Improving precision score by applying weight matrix to cross_entropy loss function?

Hello fellow Pytorchers!

I am working on a CNN to make directional predictions of a market based on a visual representation of the recent market state. The model can make three classifications, down, zero and up. I use the torch.nn.functional.cross_entropy function to determine the loss, which does its job.

However, for practical purposes I want to specifically optimize the precision score of the up and down predictions. To do this, I need to penalize up-predictions that are actually down harder than misclassified zero-predictions for example. I have an evenly distributed set of labels and I know I can apply loss_weight to force more zero-predictions, which slightly improves the precision scores for the up and down predictions.

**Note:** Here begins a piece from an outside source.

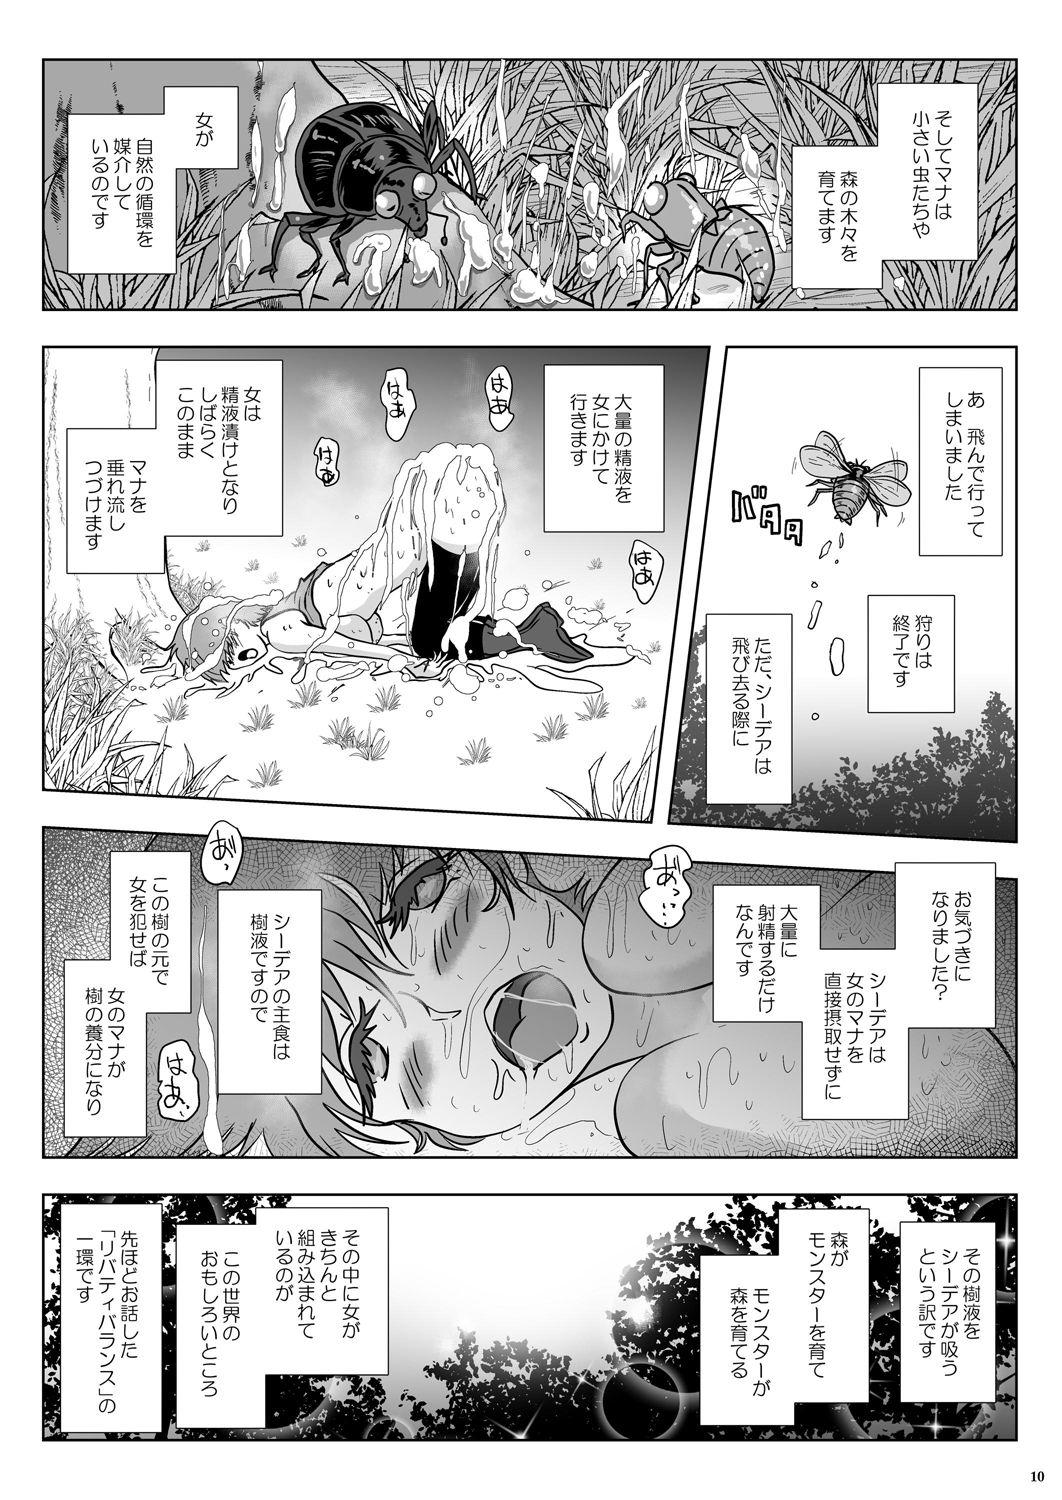 Sloppy Go To Larvataurs #02 "Hokaku Chuunyuu Nakadashi Mushi no Miyako" Piss - Page 10

However, I am looking to apply a weight matrix instead of a vector to more specifically dictate loss, looking to further improve precision. Example of such a matrix would be the following:

image,
where 0<a<b<1

Is there any built-in functionality for this in Pytorch, or does this require me to do tinkering ‘under the hood’?

Cheers!

I’m not sure how your actual prediction look like, but assuming they would have the same shape as your weight matrix, you could simply multiply both before calling loss.backward().

Let me know, if that would work!

Thanks for the reply!

I will clarify a little. The output_logits in the code below are torch.Size([128, 3]), a vector of 3 logit probabilities for every observation. My adjusted loss weights loss_mod is a 3*3 matrix.

I think I need the loss function to use this matrix along with the input and target. If I correctly understand how optimizing works, the direction in which the parameters are changed depends on the derivative of the loss function, right?

Looking at it more closely, I am wondering how loss.backward() and optimizer.step() are actually connected…

        loss_function = functional.cross_entropy
        optimizer = torch.optim.Adam(model.parameters(), lr=learning_rate,)
#
#
        for images_batch, labels_batch in train_data_loader:
            images_batch = images_batch.to(device)
            labels_batch = labels_batch.to(device)
            optimizer.zero_grad()
            output_logits = model(images_batch)
            loss_mod = np.array([[0, 1/3, 1], [2/3, 0, 2/3], [1, 1/3, 0]])
            loss = loss_function(input=output_logits, target=labels_batch)

            loss.backward()
            optimizer.step()

Greatly appreciated looking at this!

Cheers!